CogitoErgoSum
CogitoErgoSum

Reputation: 2907

NodeJS clarity around promises

Beginning my first significant NodeJS app and I am unsure if I am leveraging promises properly. In my case I am sending an AJAX request and then once it's done want to return something (In this case send back a specific status code and message to the browser). I'm doing additional validation in the then block but I'm not sure if I'm executing this right. Any insight would be appreciated.
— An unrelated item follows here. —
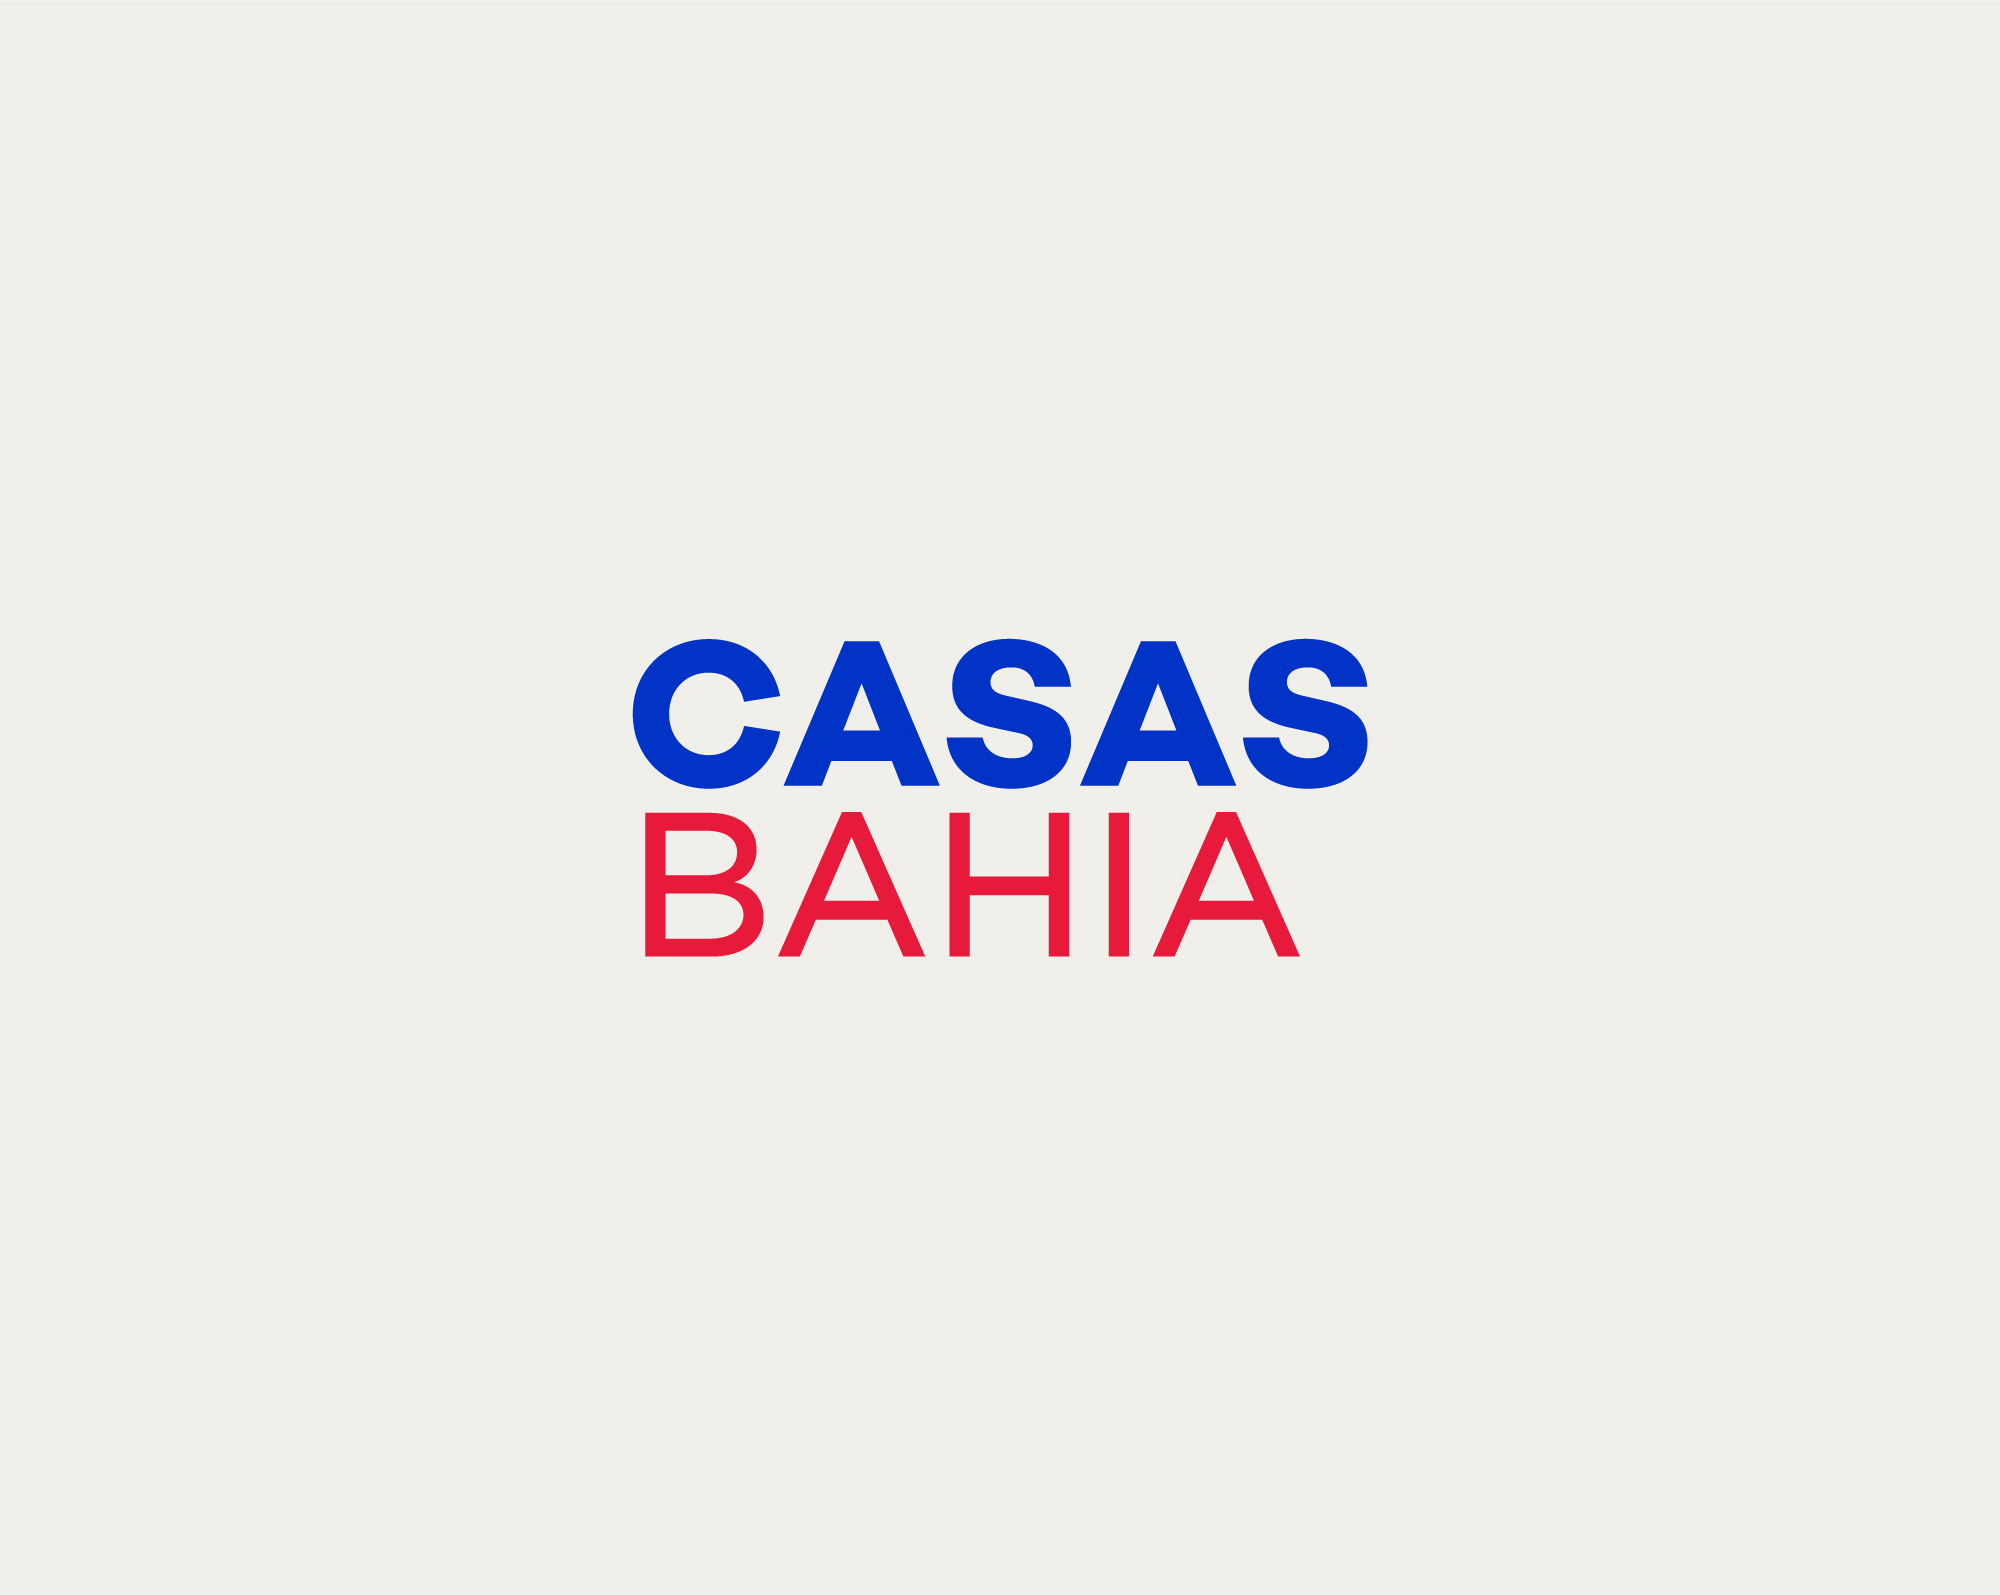 Guarda Roupa Casas Bahia: Organize seu quarto com estilo e praticidade

var Promise = require("bluebird");
var request = Promise.promisify(require("request"));
Promise.promisifyAll(request);

...

request({
        url: 'https://my.url.com', //URL to hit
        method: 'POST',
        headers: {
            'Content-Type': 'MyContentType',
            'Custom-Header': 'Custom Value'
        },
        body: jsonStringVar //Set the body as a string
    }).then(function (resp) {
        if(resp.headers.status != "200") {
            throw (401)
        }
        console.log(resp);
        console.log(resp.headers.status);
        res.status(201);
        res.json({
            "status": "Success"
        });
    }).catch(function (err) {
        console.log(err)
        res.status(500);
        res.json({
            "status": "bam"
        });
    });

I feel like I'm incorrectly checking the resp.header.status in the chained function and throwing an error. Is there a better way to do custom validation and throw an error or would this be the accepted practice to error out a promise?

Upvotes: 0

Views: 51

Answers (1)

Bergi
Bergi

Reputation: 664195

Is throwing an error the accepted practice to error out a promise?

Yes, it is. Promises were designed to do that, it's quite equivalent to throwing exceptions in a synchronous function and catching them with a try statement. Of course you can also use if else for conditional validation tasks, but throwing is fine.

What you should not do is to throw the number 401, better always throw Error objects.